Дядя Игнатия, залепив сперва мысленное око Карла Карлыча двадцатипятирублевою ассигнациею, упал потом к нему в ноги, и слезно жаловался, что племянник вышел у него из послушания; что, пьяный, бросился на него с топором, когда он по родству хотел было поучить его уму-разуму, и что одно средство его исправить, – послать на господскую фабрику, которая была от деревни верст за сто и наполнена выбором негодяев из всего имения.

Слон на воеводстве, выслушав жалобу с величайшею важностью, погладил себя по брюху, нахмурил чело, как бы погрузившись в глубокое размышление, и наконец произнес великое слово, которым решалась судьба крестьян: «Карашо!»

Ненила, узнав о судьбе мужа, едва не лишилась рассудка: она валялась в ногах дяди, умоляла, заклинала его простить Игнатия, который легко-де может развратиться на фабрике и забыть ее между худыми людьми; что тогда не только она лишится мужа, но и дитя, которым она беременна, может потерять отца, остаться сиротою; что Господь сам прощает грешников, и велит делать то же людям.

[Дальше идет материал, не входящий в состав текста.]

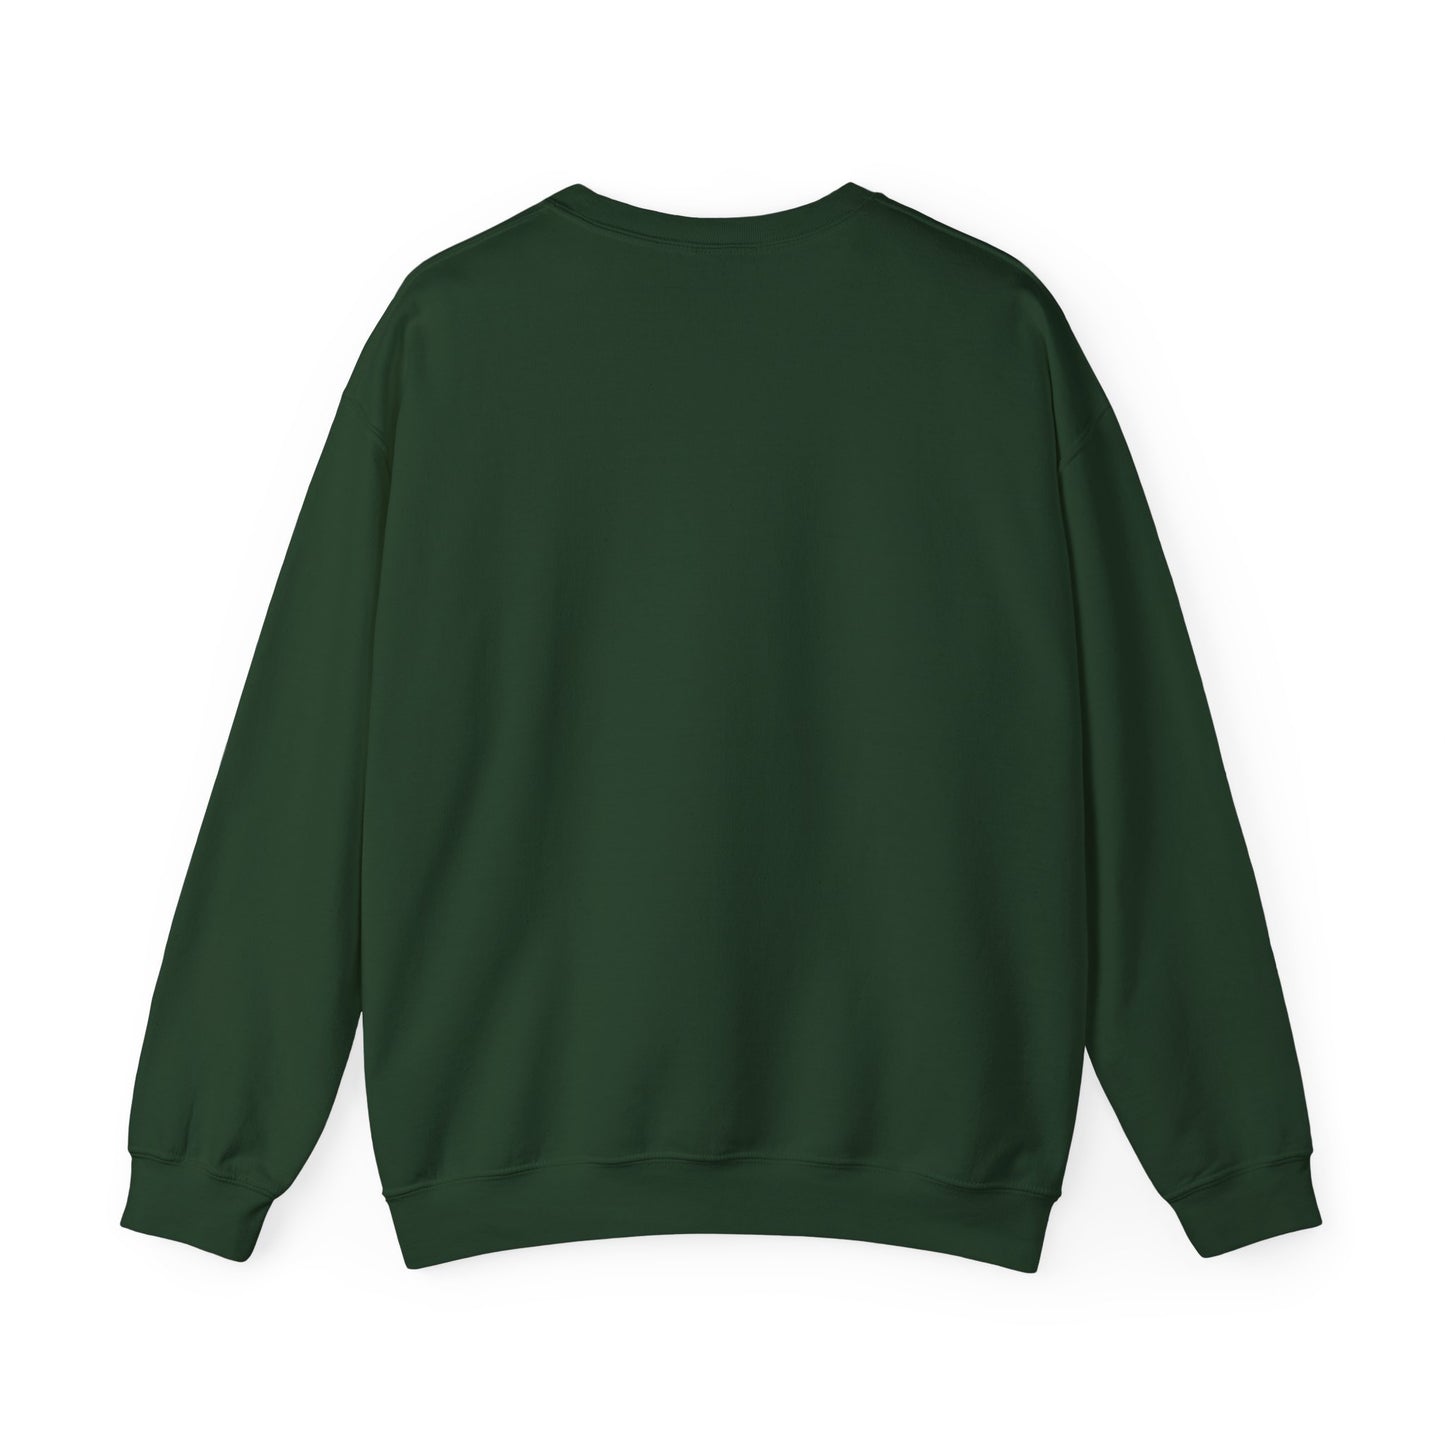 Saved Wife Unisex Heavy Blend™ Crewneck Sweatshirt

Ненила сказала все, что может сказать простая женщина в минуту страсти, которая одна придаёт людям истинное красноречие: ничто не тронуло жестокого дяди. Ненила в отчаянии бросилась к управляющему; но Карл Карлыч смотрел на русского простолюдина, как на зверя, не предполагая в нем никакого нравственного чувства: Ненилу прогнали с угрозою наказанием, если явится в другой раз. Бедная женщина отсюда кинулась к мирской избе, но мужа там уже не было: по настоянию дяди, которому староста был кум и друг, Игнатия уже увезли, не позволив ему проститься с женою. Ненила была как бы поражена громом: все в голове ее перемешалось; она не понимала, что с нею сделалось и что делается; она не знала, и куда идет, и чего хочет. Перед нею очутился берег, и гладкая поверхность реки, в которой, казалось, было так спокойно, так безмятежно, манила ее в свои недра, обольщала ее успокоением взволнованного сердца, утолением муки, растерзавшей весь ее состав. В подобные минуты не бывает места ни рассудку, ни совести; человек хочет избавиться и убежать от самого себя. Несколько шагов могли спасти Ненилу навсегда от ее лютых страданий: искушение было ужасное! Она остановилась в раздумье, и почти уже готова была сделать последний шаг, как ударил колокол к вечерне: душа ее пробудилась; дрожь пробежала по членам; опомнившись, начала она, в ужасе, креститься, и опрометью, как бы кто гнался за нею из реки, побежала прямо в церковь.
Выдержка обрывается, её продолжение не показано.